Does it really matter if the instrument curtailing liberty is a monarch or a popularly elected legislature? This conundrum, along with the witty version of it put to a Boston crowd in 1775 by a little-known colonial-era preacher, addresses the age-old question of whether liberty can long survive in a democracy.
Rev. Mather Byles was a loyalist, who, along with about one-third of the American adult white male population in 1776, opposed the American Revolution and favored continued governance by Great Britain.
He didn’t fight for the king or agitate against George Washington’s troops; he merely warned of the dangers of too much democracy.
No liberty-minded thinker I know of seriously argues today in favor of a hereditary monarchy, but many of us are fearful of an out-of-control democracy, which is what we have in America today. I say “democracy” because that’s what the government calls itself. Yet the levers of federal government power today are only nominally pulled by elected representatives. The real levers of power are held by the military/industrial/warfare/welfare/surveillance/banking/donor class cartel that has had a stranglehold on the federal government for the past 50 years.
The Senate as originally crafted did not consist of popularly elected senators. Rather, they were appointed by state legislatures to represent the sovereign states as states, not the people in them. Part of James Madison’s genius was the construction of the federal government as a three-sided table. The first side was the people — the House of Representatives. The second side was the sovereign states that created the federal government — the Senate. And the third side was the nation-state — the presidency. The judiciary, whose prominent role today was unthinkable in 1789, was not part of this mix.
In his famous Bank Speech, Madison argued eloquently against legislation chartering a national bank because the authority to create a bank was not only not present in the Constitution but also was retained by the states and reserved to them by the 10th Amendment.
In that speech, he warned that the creeping expansion of the federal government would trample the powers of the states and also the unenumerated rights of the people that the Ninth Amendment — his pride and joy because it protected individual personal natural rights — prohibited the government from denying or disparaging.
He gave that speech in February of 1791, 11 months before the addition of the Bill of Rights — the first 10 amendments — to the Constitution. Given the popular fears of a new central government, Madison assumed that the Bill of Rights would quickly be ratified. He was right.
His Bank Speech remains just as relevant today.

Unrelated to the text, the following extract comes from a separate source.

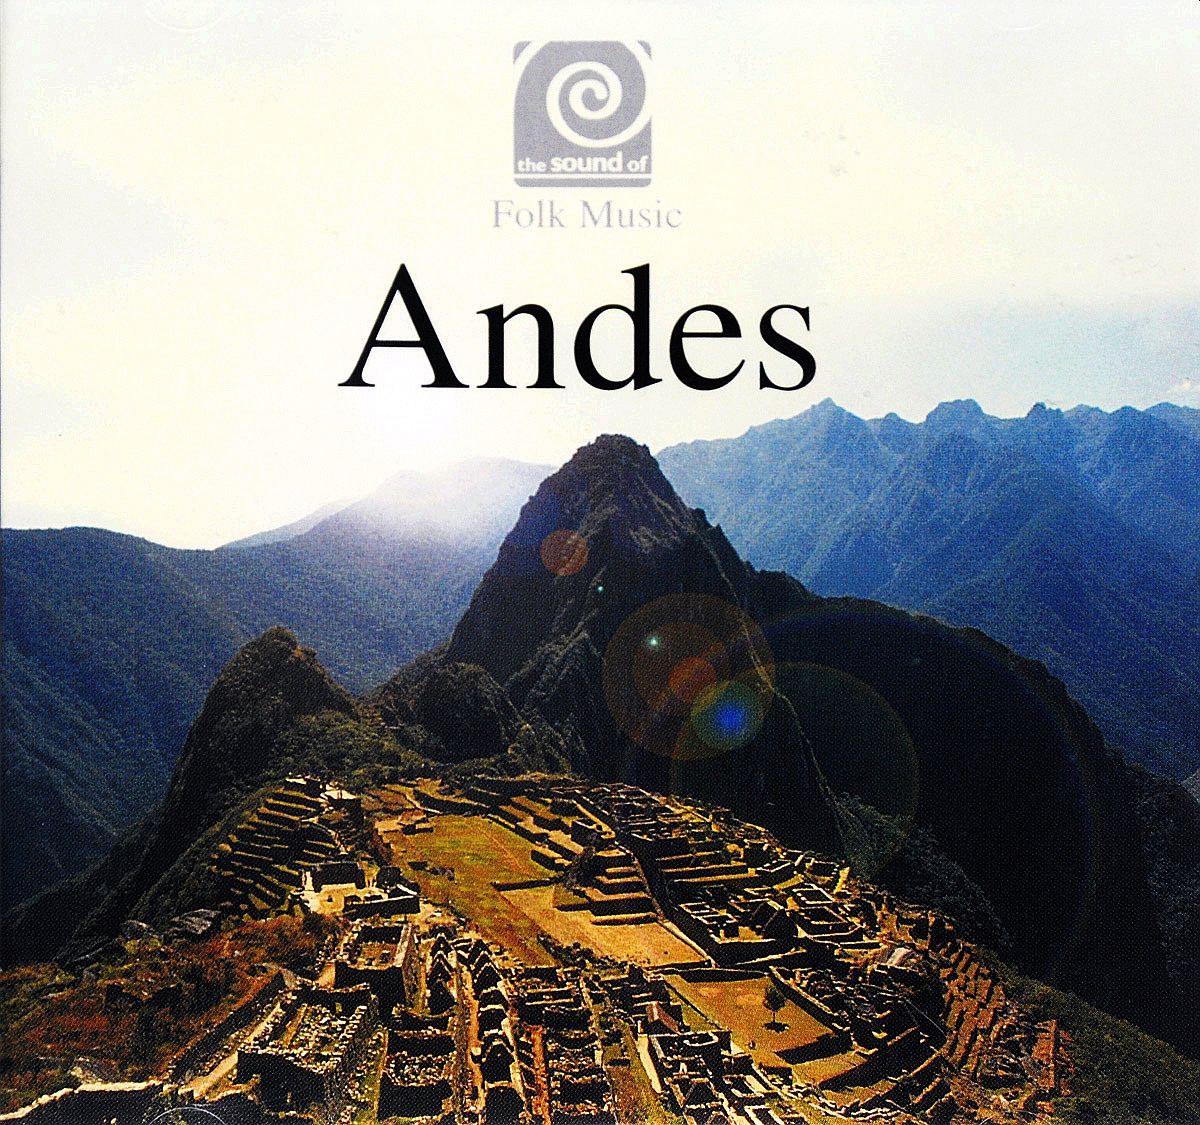 Sound Of Folk Music. Andes
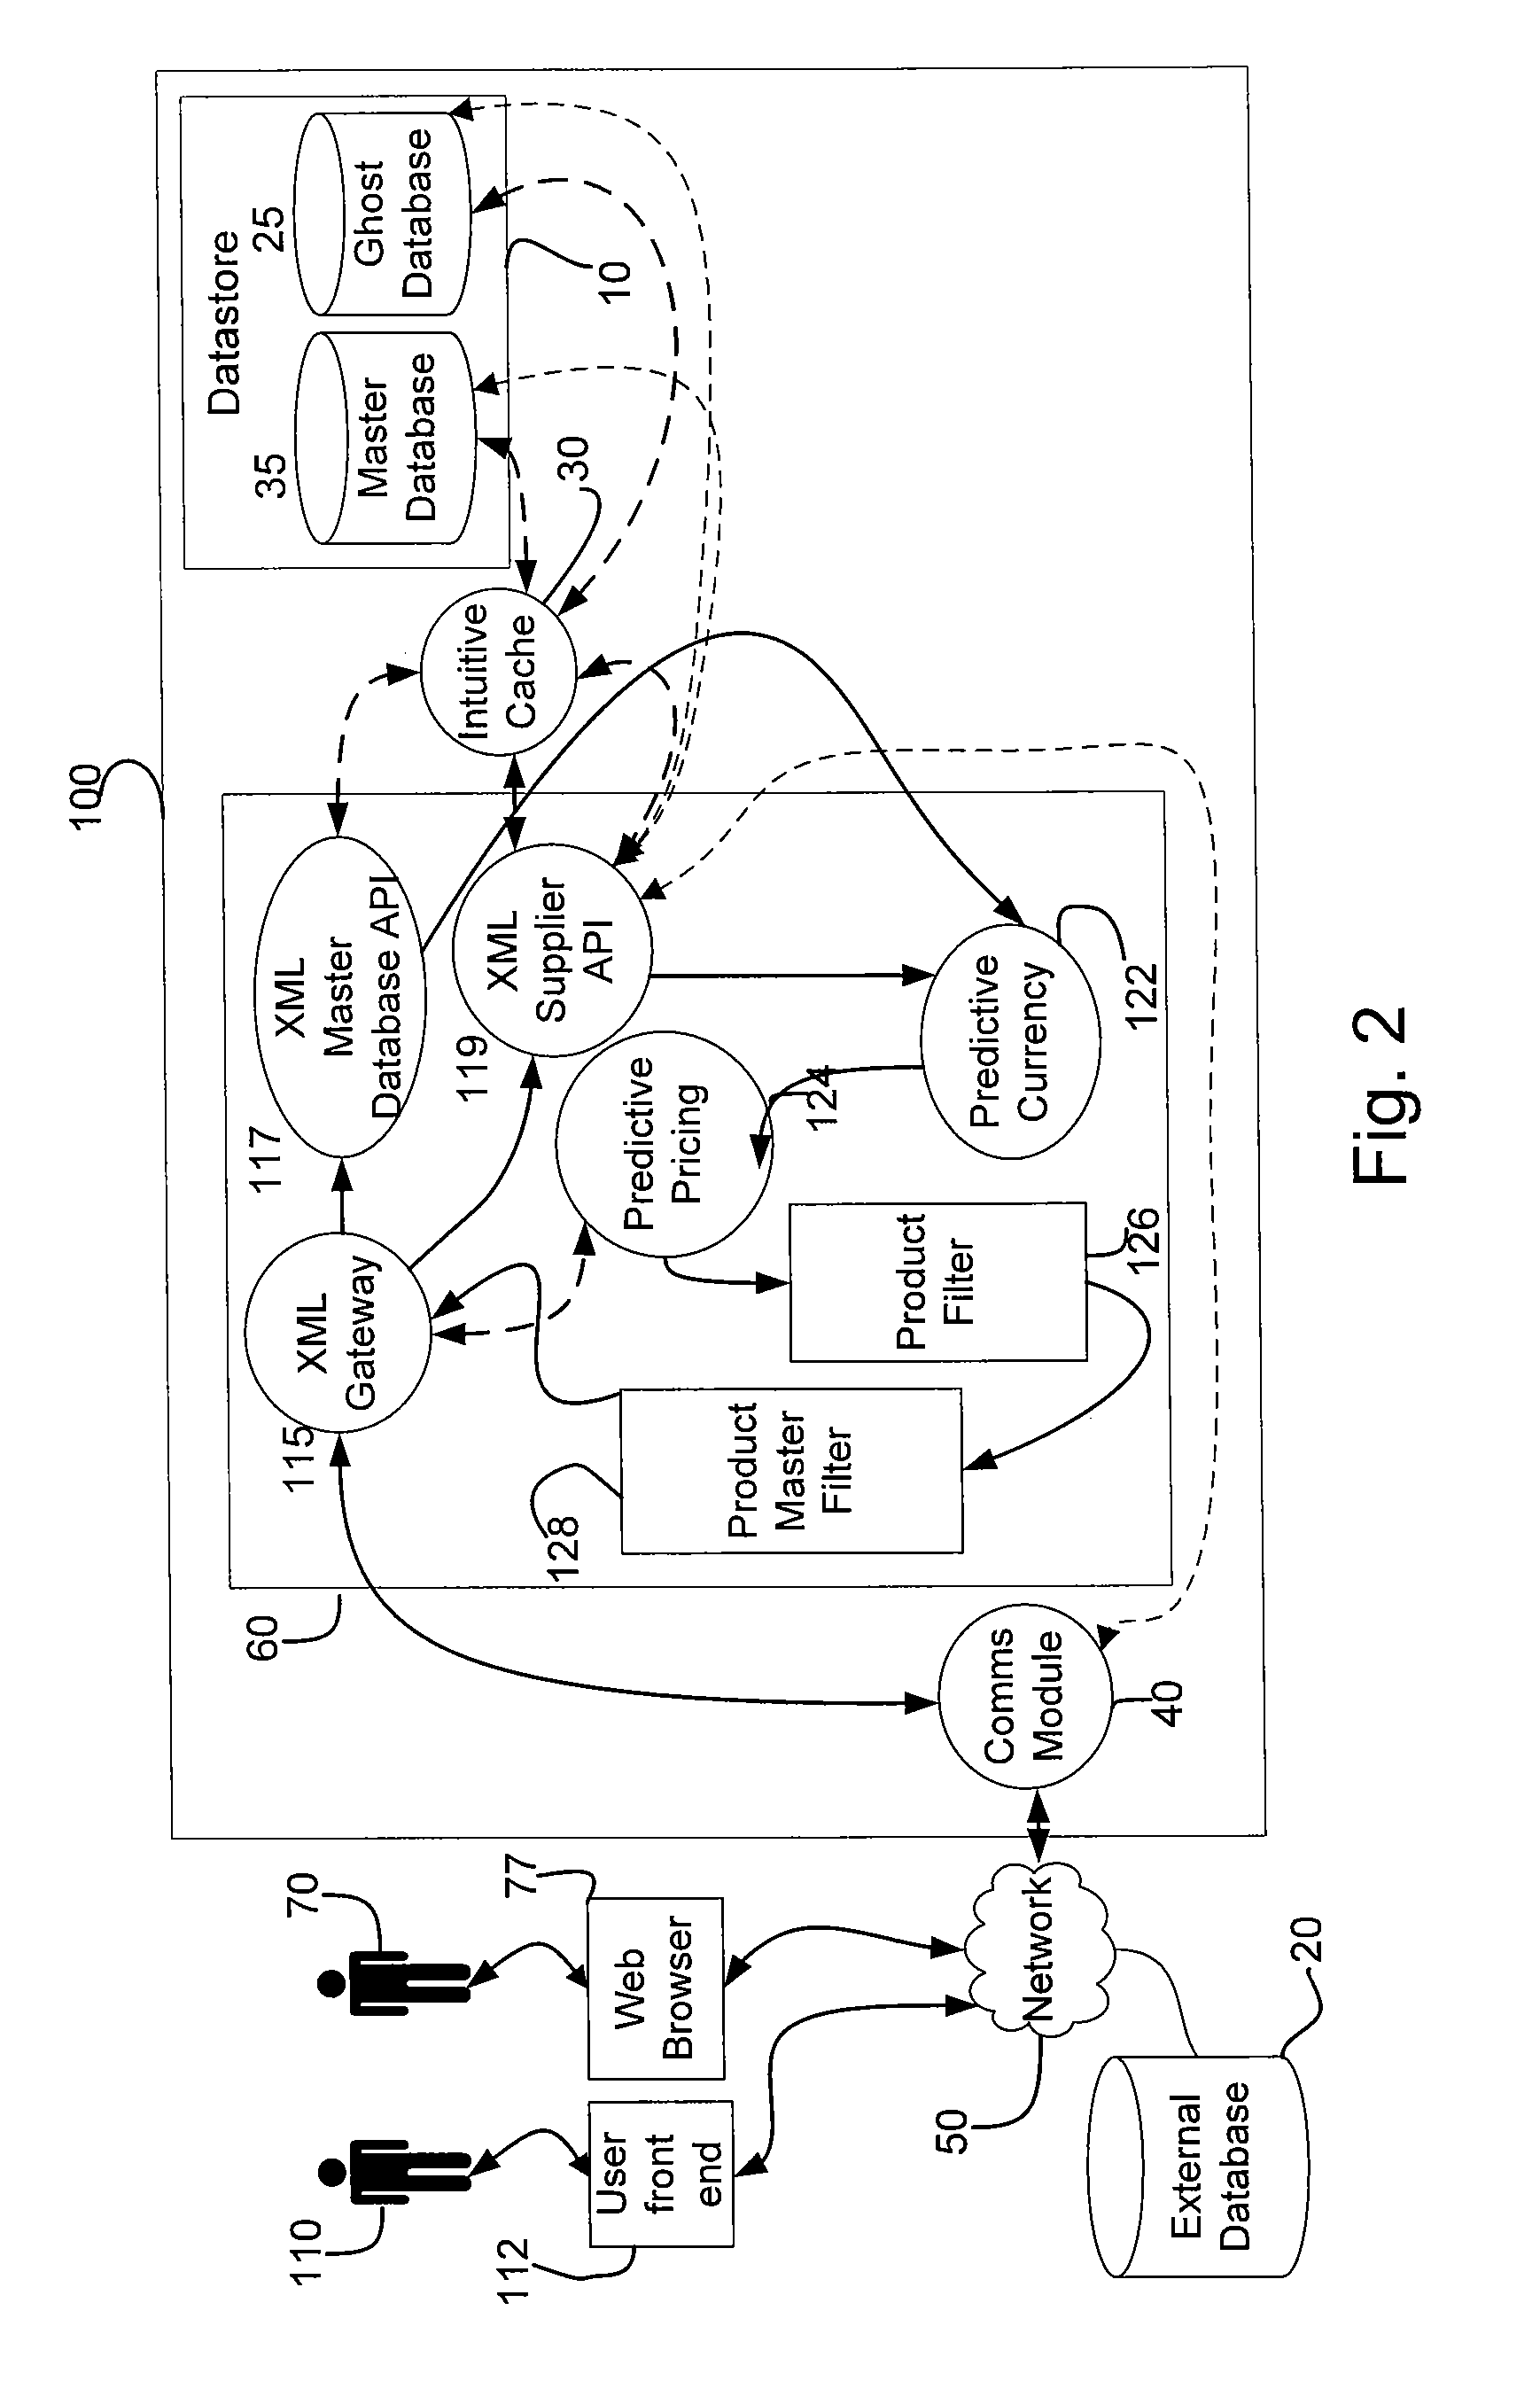 Internet mediated booking and distribution system

Had Madison been alive during the presidency of the anti-Madisonian Woodrow Wilson — who gave us World War I, the Federal Reserve, the administrative state and the federal income tax — he would have recoiled at a president destroying the three-sided table. Wilson did that by leading the campaign to amend the Constitution so as to provide for the direct taxation of individuals and the direct popular election of senators.
Part of Madison’s genius was to craft restraints on the feds into the Constitution. And some of them — like retaining state sovereignty — created laboratories of liberty. President Ronald Reagan reminded the American public in his first inaugural address that the states formed the federal government, not the other way around. Had I been the scrivener of that speech, I’d have begged him to add: “And the powers that the states gave to the feds, they can take back.”
Reagan also famously said that we could vote with our feet. If you don’t like the over-the-top regulations in Massachusetts, you can move to New Hampshire. If you are fed up with the highest state taxes in the union in New Jersey, you can move to Pennsylvania.
But the more state sovereignty the feds absorb — the more state governance that is federalized — the fewer differences there are among the regulatory and taxing structures of the states. This has happened because Congress has become a general legislature without regard for the constitutional limits imposed on it.
If Congress wants to regulate an area of governance that is clearly beyond its constitutional competence, it bribes the states to do so with borrowed or Federal Reserve-created cash. Thus, it offered hundreds of millions of dollars to the states to lower their speed limits on highways and to lower the acceptable blood alcohol level in peoples’ veins — this would truly have set Madison off — before a presumption of DWI may be argued; all in return for cash to pave state-maintained highways.
The states are partly to blame for this. They take whatever cash Congress offers, and they accept the strings that come with it. And they, too, are tyrants. The states mandated the unconstitutional and crippling lockdowns of 2020-2021, not the feds. The states should be paying the political and financial consequences for their misdeeds, not the feds. They, not the feds, took property and liberty without paying for it as the Constitution requires them to do.
Byles feared a government of 3,000. Today, the feds employ close to 3 million. Thomas Jefferson warned that when the federal treasury becomes a federal trough, and the people recognize it as such, they would only send to Washington politicians — faithless to the Constitution — who promise to bring home the most cash. He also predicted that in the long run, liberty would decrease and government increase. He was correct on both.
Today the government claims it can right any wrong, tax any event, intrude upon any relationship, even suppress any speech that it chooses. That’s because the majority in a democracy that is faithless to constitutional guarantees will take whatever it can get from the minority — including its liberty and property — just to please its benefactors; and to stay in office.